MySQL strange behavior with comma separated list of numbers

I had a very complicated problem, but i narrowed it down to this, First, let me give you some test data:

Run this:

CREATE TABLE `test` (
`id` int(11) NOT NULL AUTO_INCREMENT,
`value` text NOT NULL,
PRIMARY KEY (`id`)
) ENGINE=MyISAM AUTO_INCREMENT=1 DEFAULT CHARSET=latin1;

INSERT INTO test (value) VALUES
(1),
('1'),
('1,2'),
('3');


Now run this query:

SELECT * FROM test WHERE value = 1;


I would expect in this case to get only the first two rows, where the value is either entered as a numeric 1 or a '1' char, but for some reason this is what i get:

1, 1
2, 1
3, 1,2


My question is, why do i get the third row?

Note: This is my version of mysql: 5.6.28-0ubuntu0.14.04.1

Also, I already solved my original problem by using FIND_IN_SET and I am aware that it's not a very good idea to have this comma separated list type structure, ie, it should probably have been done with a join table in the first place. Unfortunately I'm working within a system that is very large and making that change is not practical at this time.

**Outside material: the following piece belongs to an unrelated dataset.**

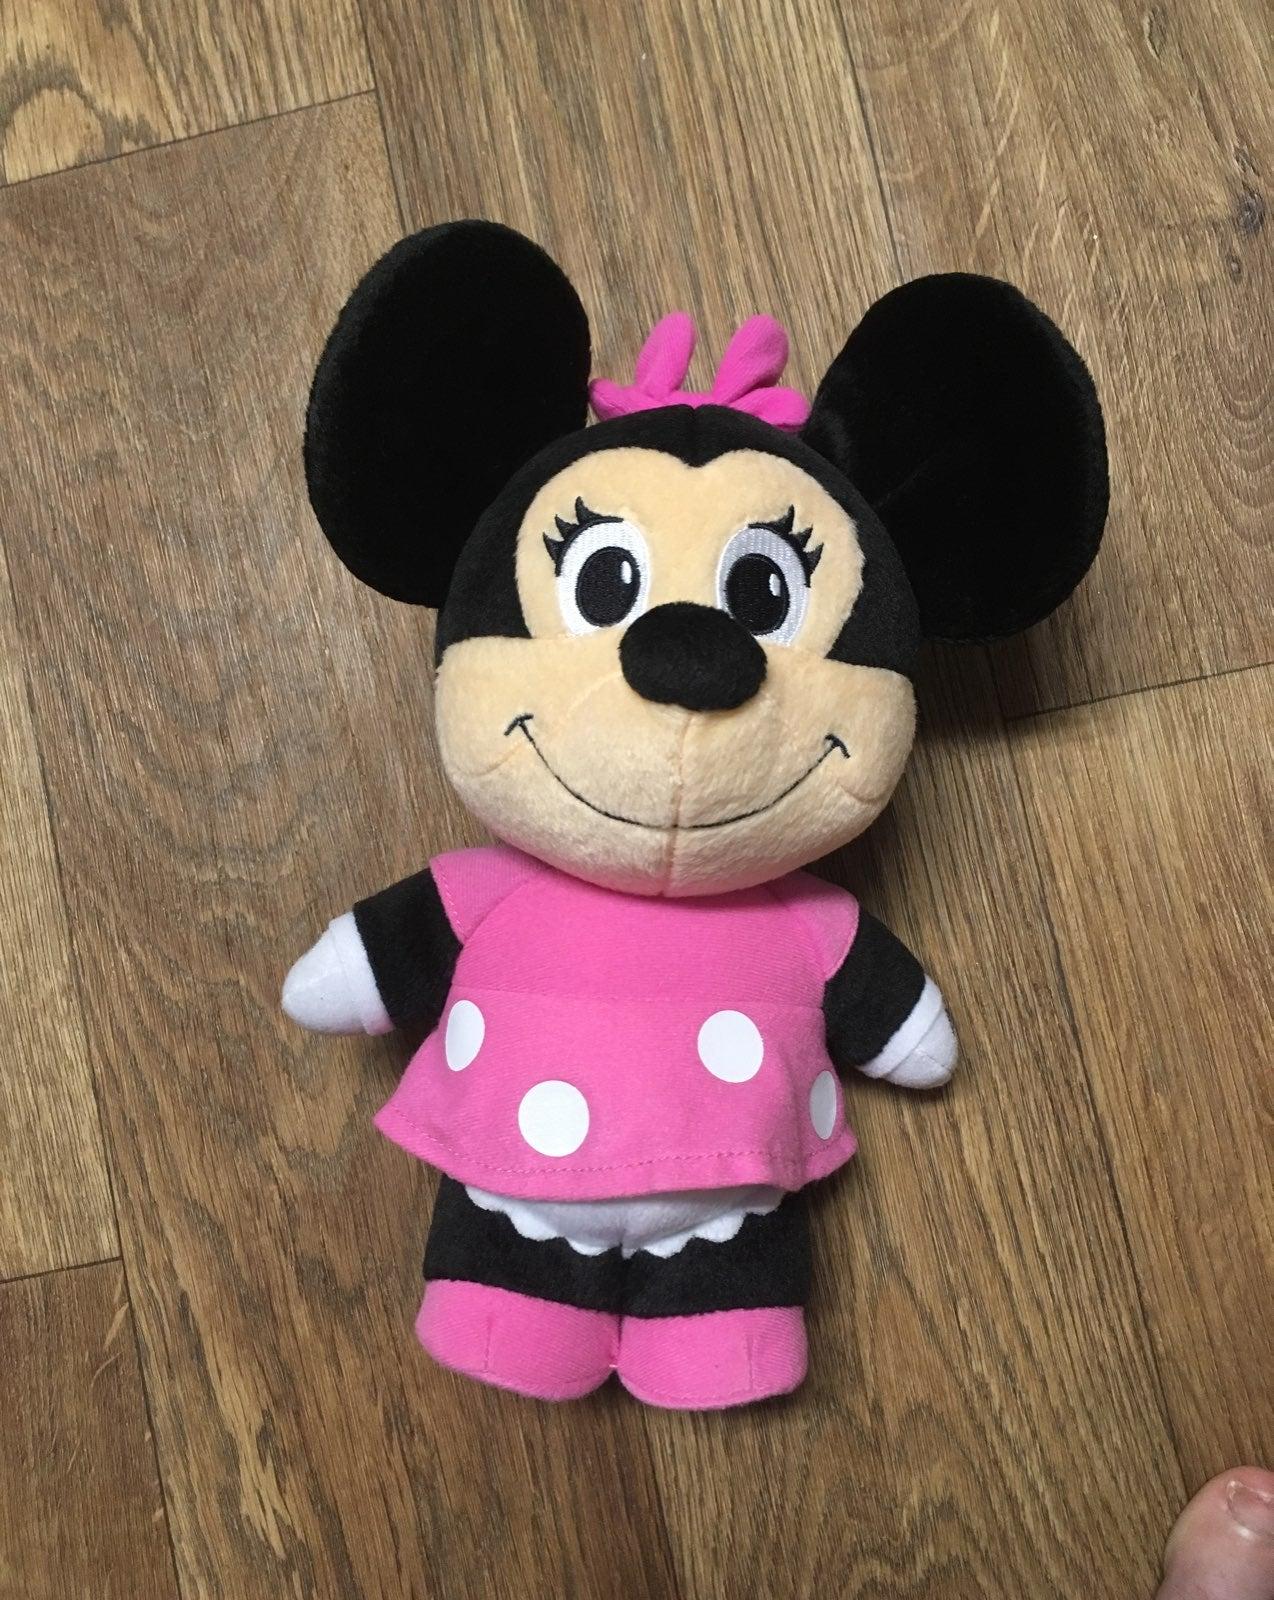 Talking Minnie Mouse

I'm just interested in why this specific behavior happens.

Answer

The reason you get the third row is implicit datatype conversion performed by MySQL. Your query has a predicate (condition) in the WHERE clause

  WHERE value = 1

On the right side of the equality comparison operator (the equal sign), we have a numeric literal. On the left side, we have a column that is datatype TEXT.

It's not possible for MySQL to do a comparison of those two different datatypes.

So, MySQL converts one side or the other to a type that is compatible, so a comparison can be performed. In this case, MySQL is converting the value from the column to be numeric, so it compare to the numeric literal.

As a demonstration of what that looks like, we can add a zero (forcing MySQL to do a conversion), and exhibit the results in a SELECT.

 SELECT t.value, t.value + 0 FROM test t

 t.value  t.value + 0
 -------  -----------
 1                  1
 1                  1
 1,2                1
 3                  3

It's documented in the MySQL Reference Manual somewhere, how MySQL does the conversion. At a risk of misstating what the manual says: MySQL reads the string character by character from left to right, until it encounters a character where it can no longer convert to numeric.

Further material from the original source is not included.